Я хотел ей сказать: «Сколько же миллионов человек ежедневно? Сколько их смотрит в лицо смерти? Скольким ежедневно выбивают зубы? Сколько теряет жизнь – мужчин, женщин, детей, человеческих эмбрионов? А мир сидит в кинотеатре и хохочет. Да, потому что он выстроен на равнодушии. Возможно, придет однажды и его черед. Лучшего он не заслуживает».
– Как ты все это вынесла? – спросил я. – И не сошла с ума?

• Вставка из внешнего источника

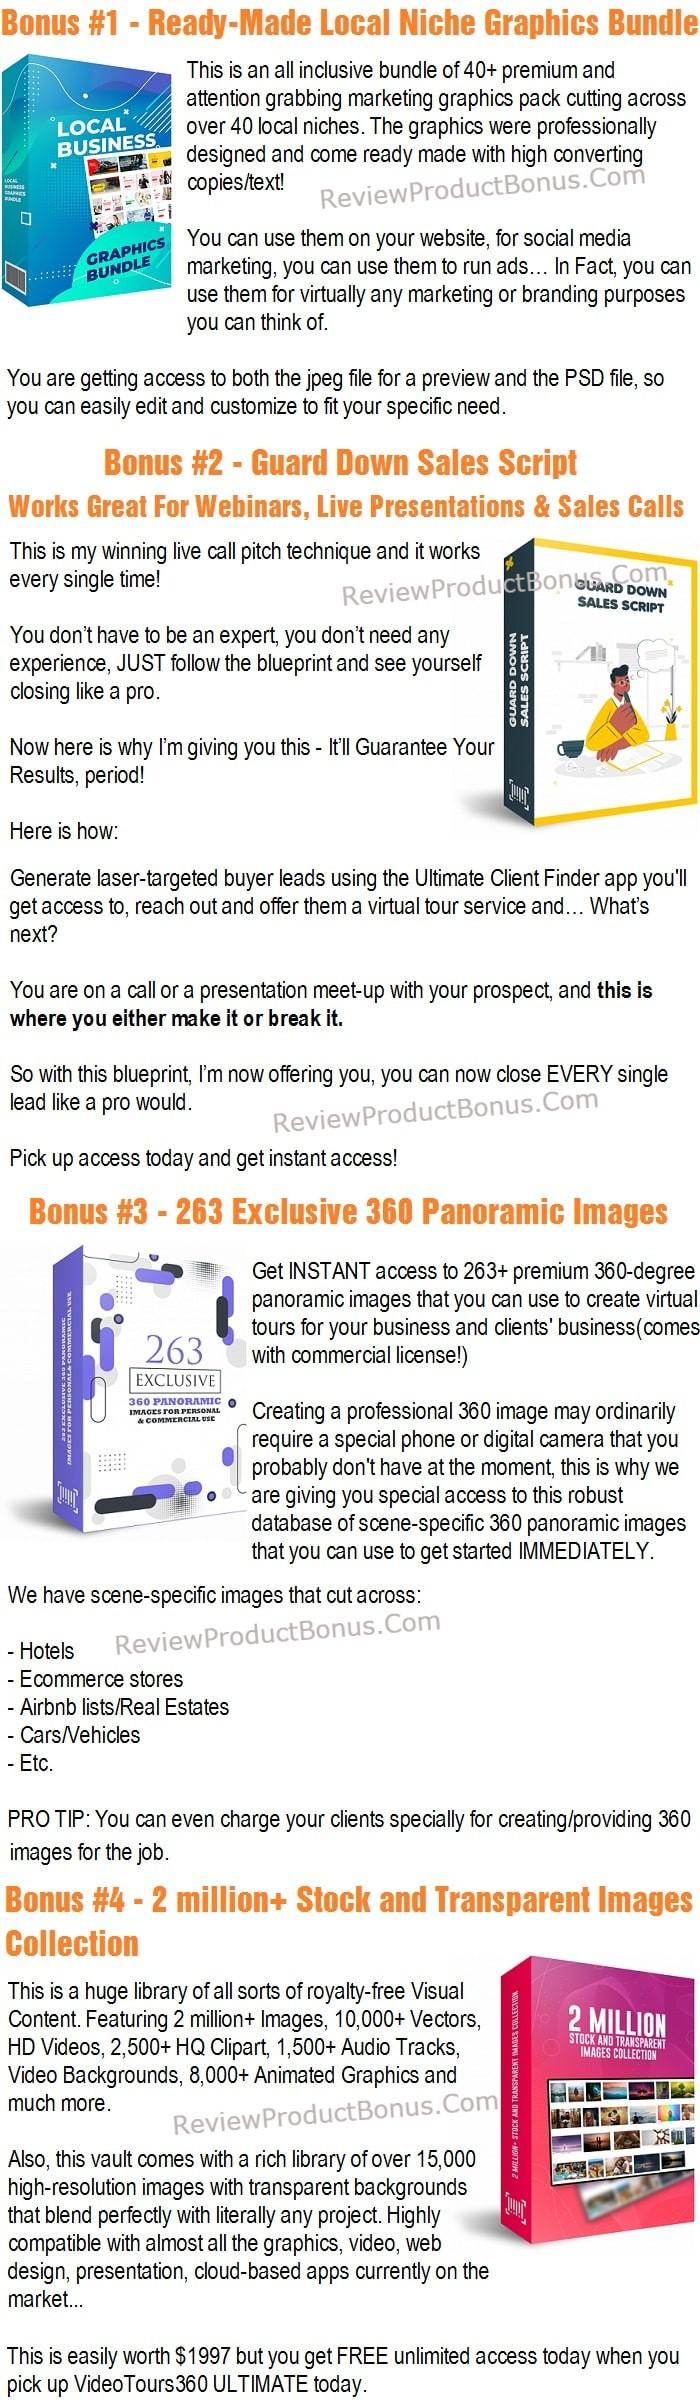 VideoTours360 Ultimate Bonus

– Это инстинкт, инстинкт самосохранения, – ответила Ребекка. – Я шла к этим воротам, стояла в очереди перед эсэсовцем, он копался в чемодане, забрал зеркальце и книжку Сейферта.[15] А потом я начала толкаться и потащилась, как и все остальные. До самого Терезина. И все время ждала, когда меня убьют. Но мне везло… И все время хотелось спать – это у меня до сих пор.
– Что именно?
– Лучше всего мне вечером, когда лежишь в постели и вот-вот уснешь. Мне кажется, это самое лучшее, что есть у человека на свете.
– Но…
– Когда медленно-медленно засыпаешь и говоришь себе: наплевать теперь на все. Буду спать и, может, завтра не проснусь. Может, ночью умру.
– Ребекка!
– Что?
– Я… – Но ведь мы не можем быть совсем равнодушными. Нет ни одного человека, равнодушного абсолютно. Человек лишь забывает. Он всего лишь наивен и временами глуп. Лишь смешон. Лишь бессилен. Почти бессилен. Но ведь…
«Ребекка», хотел я сказать ей, но лишь сглотнул слезы своей души и насадил маску саксофониста из «Эмбасси-бара»:
– Ребекка, хеллоу, девочка, иди сюда, хватит грустить, послушай меня, я тебе кое-что расскажу…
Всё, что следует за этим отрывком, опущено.